A provision which lays down a general principle, such as those found in Article II of the
1987 Constitution, is usually not self-executing. But a provision which is complete in itself and
becomes operative without the aid of supplementary or enabling legislation, or that which
supplies sufficient rule by means of which the right it grants may be enjoyed or protected, is
self-executing. Thus a constitutional provision is self-executing if the nature and extent of the
right conferred and the liability imposed are fixed by the constitution itself, so that they can
be determined by an examination and construction of its terms, and there is no language
indicating that the subject is referred to the legislature for action. In self-executing
constitutional provisions, the legislature may still enact legislation to facilitate the exercise
of powers directly granted by the constitution, further the operation of such a provision,
prescribe a practice to be used for its enforcement, provide a convenient remedy for the
protection of the rights secured or the determination thereof, or place reasonable safeguards
around the exercise of the right. The mere fact that legislation may supplement and add to or
prescribe a penalty for the violation of a self-executing constitutional provision does not
render such a provision ineffective in the absence of such legislation. The omission from a
constitution of any express provision for a remedy for enforcing a right or liability is not
necessarily an indication that it was not intended to be self-executing. The rule is that a selfexecuting provision of the constitution does not necessarily exhaust legislative power on the
subject, but any legislation must be in harmony with the constitution, further the exercise of
constitutional right and make it more available.

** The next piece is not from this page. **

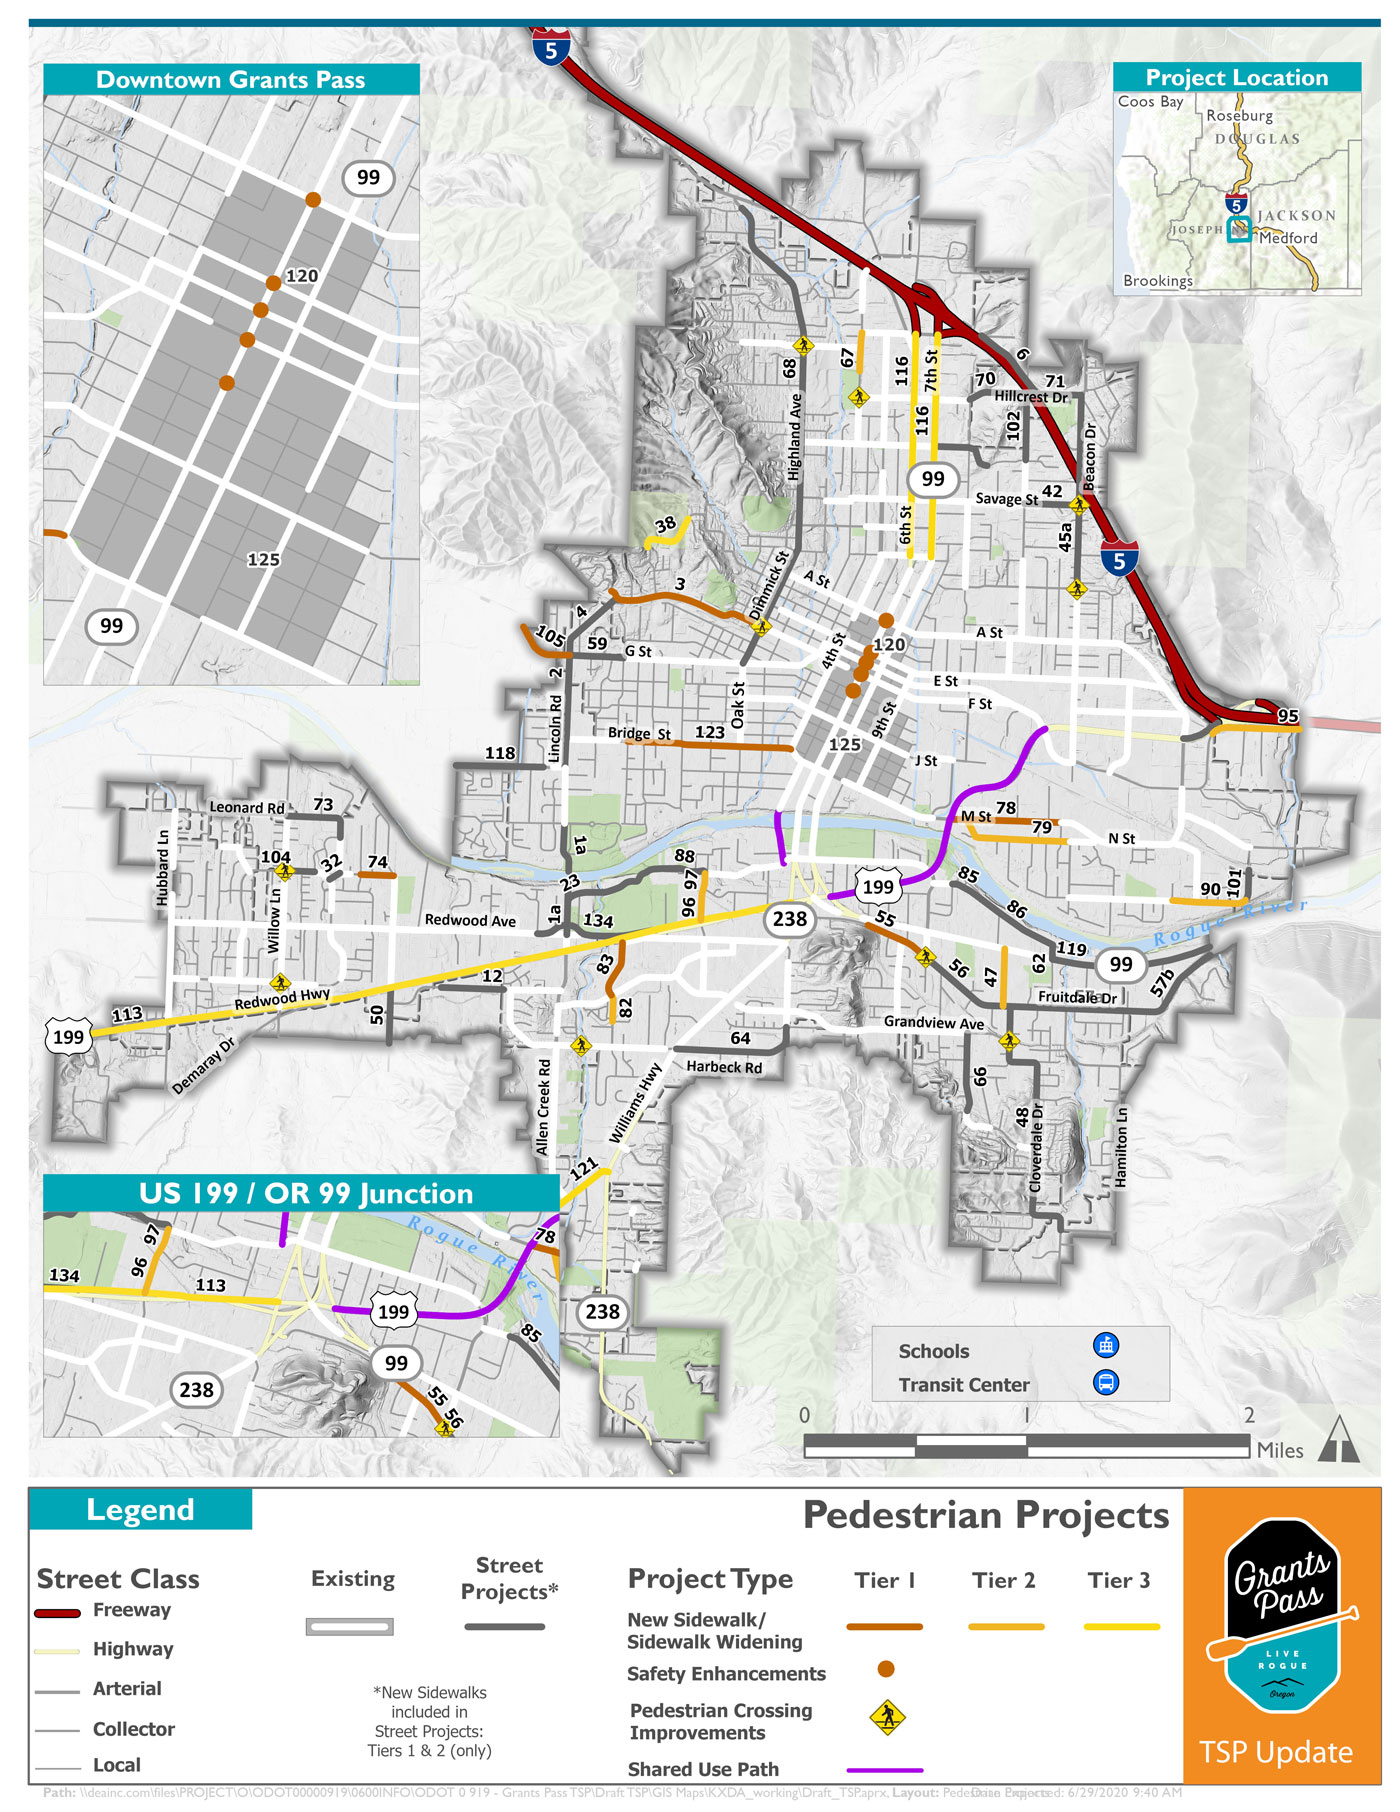 grants-pass-tsp/ooh3/map-pedestrian-projects

Subsequent legislation however does not
necessarily mean that the subject constitutional provision is not, by itself, fully enforceable.

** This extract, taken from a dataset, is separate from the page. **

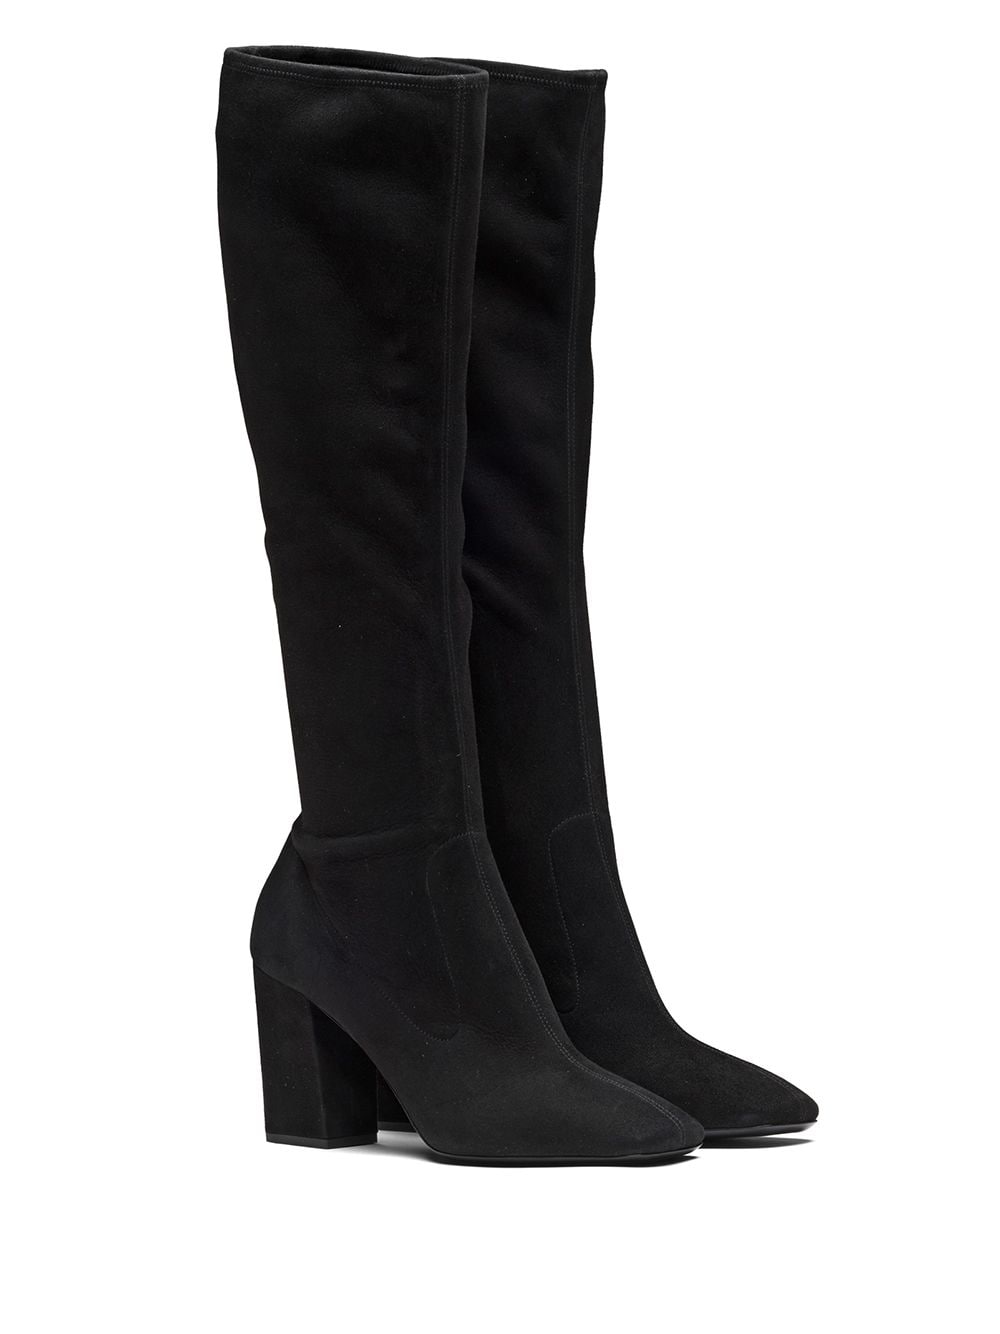 black leather mid heel knee high boots

As against constitutions of the past, modern constitutions have been generally drafted upon a
different principle and have often become in effect extensive codes of laws intended to
operate directly upon the people in a manner similar to that of statutory enactments, and the
function of constitutional conventions has evolved into one more like that of a legislative
body. Hence, unless it is expressly provided that a legislative act is necessary to enforce a
constitutional mandate, the presumption now is that all provisions of the constitution are
self-executing. If the constitutional provisions are treated as requiring legislation instead of
self-executing, the legislature would have the power to ignore and practically nullify the
mandate of the fundamental law. In fine, Section 10, second paragraph, Art. XII of the 1987
Constitution is a mandatory, positive command which is complete in itself and which needs no
further guidelines or implementing laws or rules for its enforcement. From its very words the
provision does not require any legislation to put it in operation.